For the code below, I get different results on the CPU and GPU. The differences appear in the array PFT. Repeated running will change the differences, and occasionally may produce no difference.

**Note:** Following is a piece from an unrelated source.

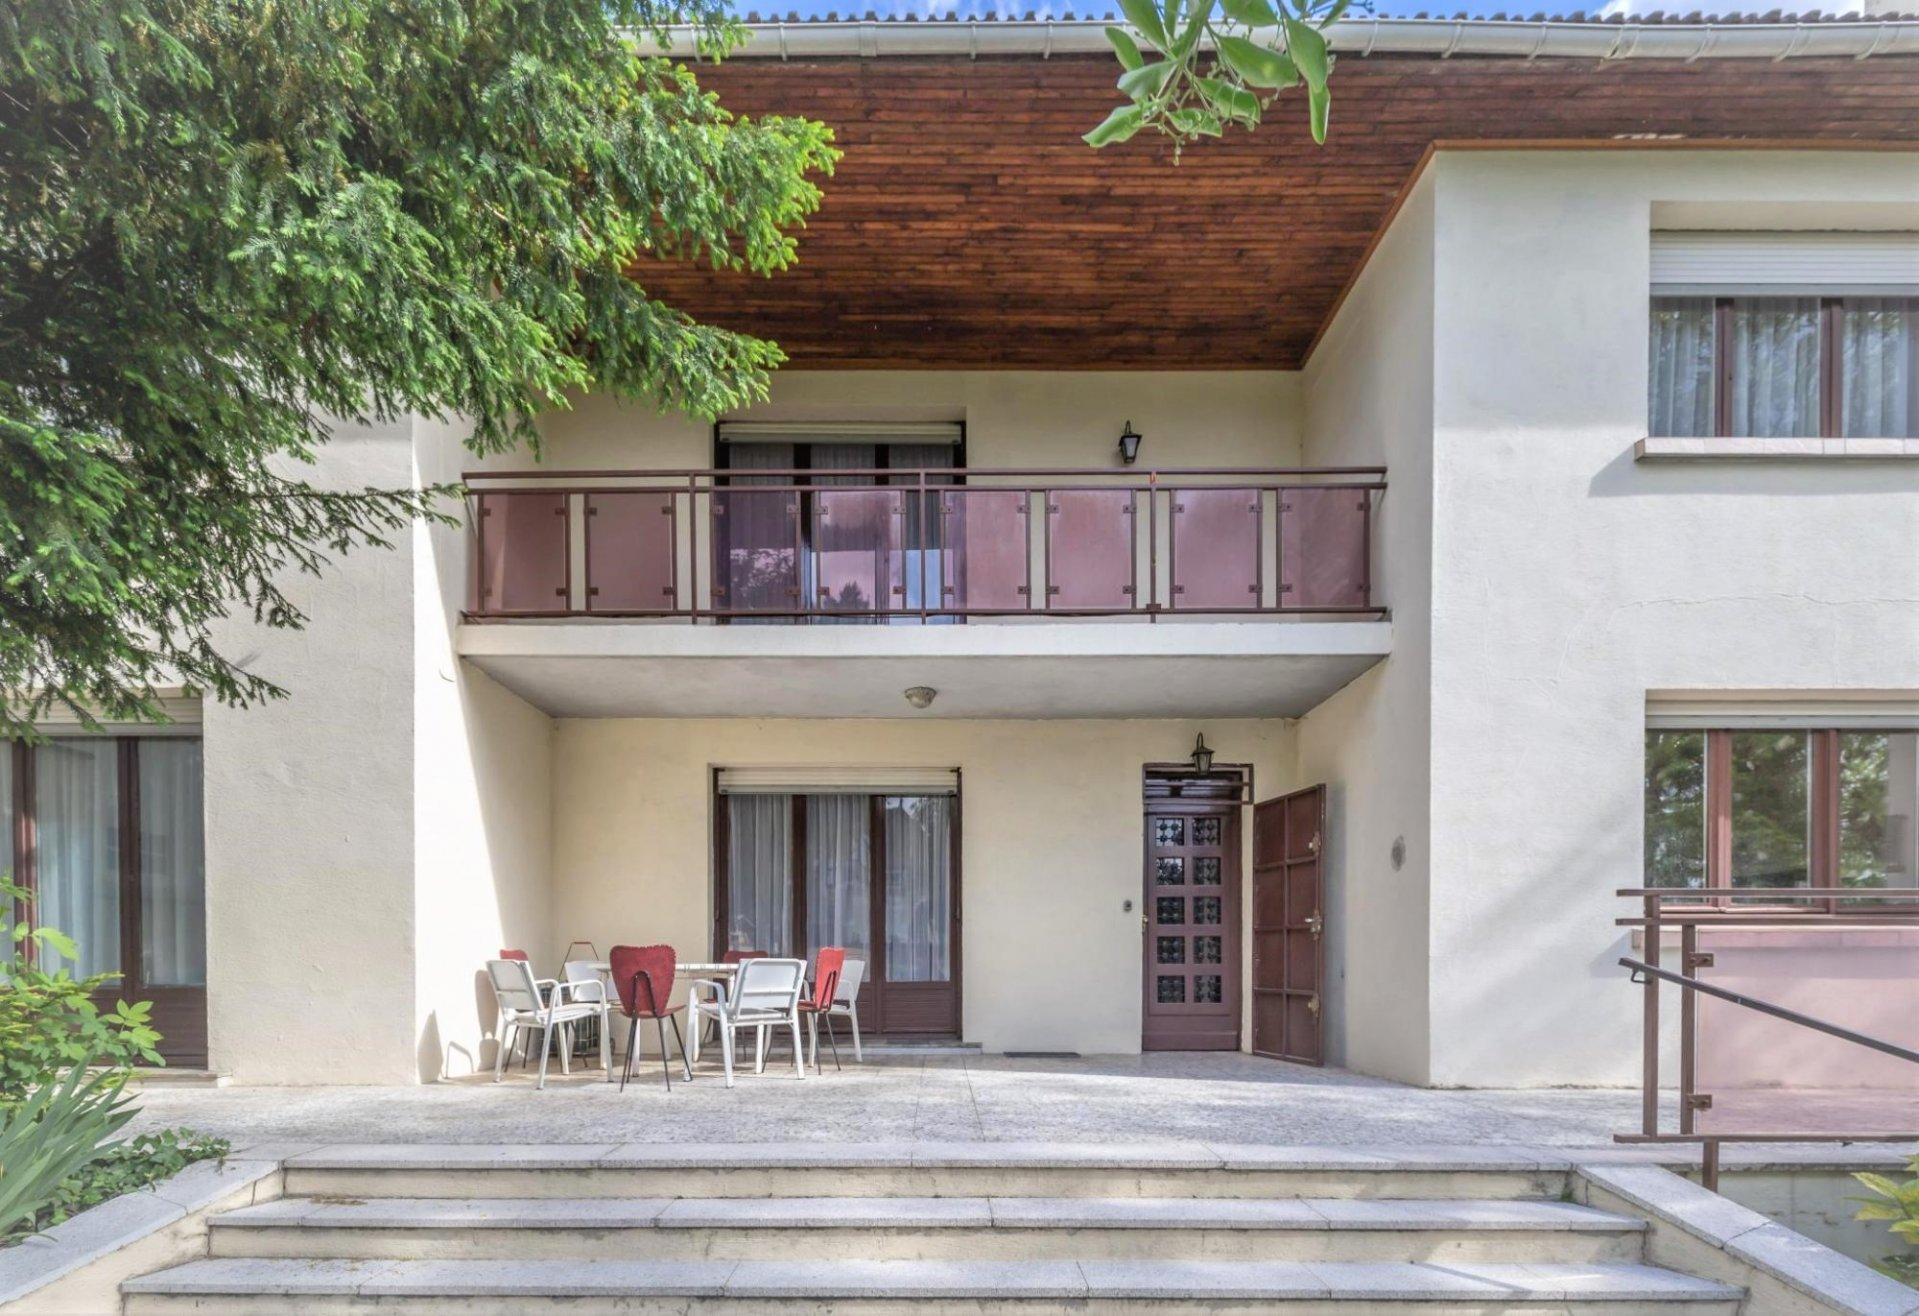 MAISON FAMILIALE  de 200 m² + combles de 100 m² sur terrain de 830 m²

!$acc data copy(NWALLS, MAX_PIP, WALLDTSPLIT, WALLCONTACT(1:MAX_PIP,1:NWALLS), PEA(1:MAX_PIP,1:4), & !$acc& DES_POS_NEW(1:MAX_PIP,1:DIMN), W_POS_L(1:MAX_PIP,1:NWALLS,1:DIMN), PFT(1:MAX_PIP,1:MAXNEIGHBORS,1:DIMN) ) !$acc parallel !$acc loop gang, private(LL, NI, IW, PFT_TMP(1:DIMN), DIST(1:DIMN) ) DO LL = 1, MAX_PIP IF(.NOT.PEA(LL,1) .OR. PEA(LL,4) ) CYCLE DO IW = 1, NWALLS IF(.NOT.WALLDTSPLIT .OR. PEA(LL,2) .OR. PEA(LL,3) .OR. WALLCONTACT(LL,IW).NE.1 ) GOTO 200 NI=IW !Line added by AJ for debugging DIST(:)=ZERO !Line added by AJ for debugging DIST(:) = w_pos_l(LL,IW,:) - DES_POS_NEW(LL,:) ! Save the tangential displacement history with the correction of Coulomb's law PFT_TMP(:)=DIST(:) IF (PARTICLE_SLIDE) THEN ELSE PFT(LL,NI,:) = PFT_TMP(:) ENDIF PARTICLE_SLIDE = .FALSE. 200 CONTINUE ENDDO ! DO IW = 1, NWALLS ENDDO !Loop over particles LL to calculate wall contact !$acc end parallel !$acc end data
When I comment out the line
DIST(:) = w_pos_l(LL,IW,:) - DES_POS_NEW(LL,:)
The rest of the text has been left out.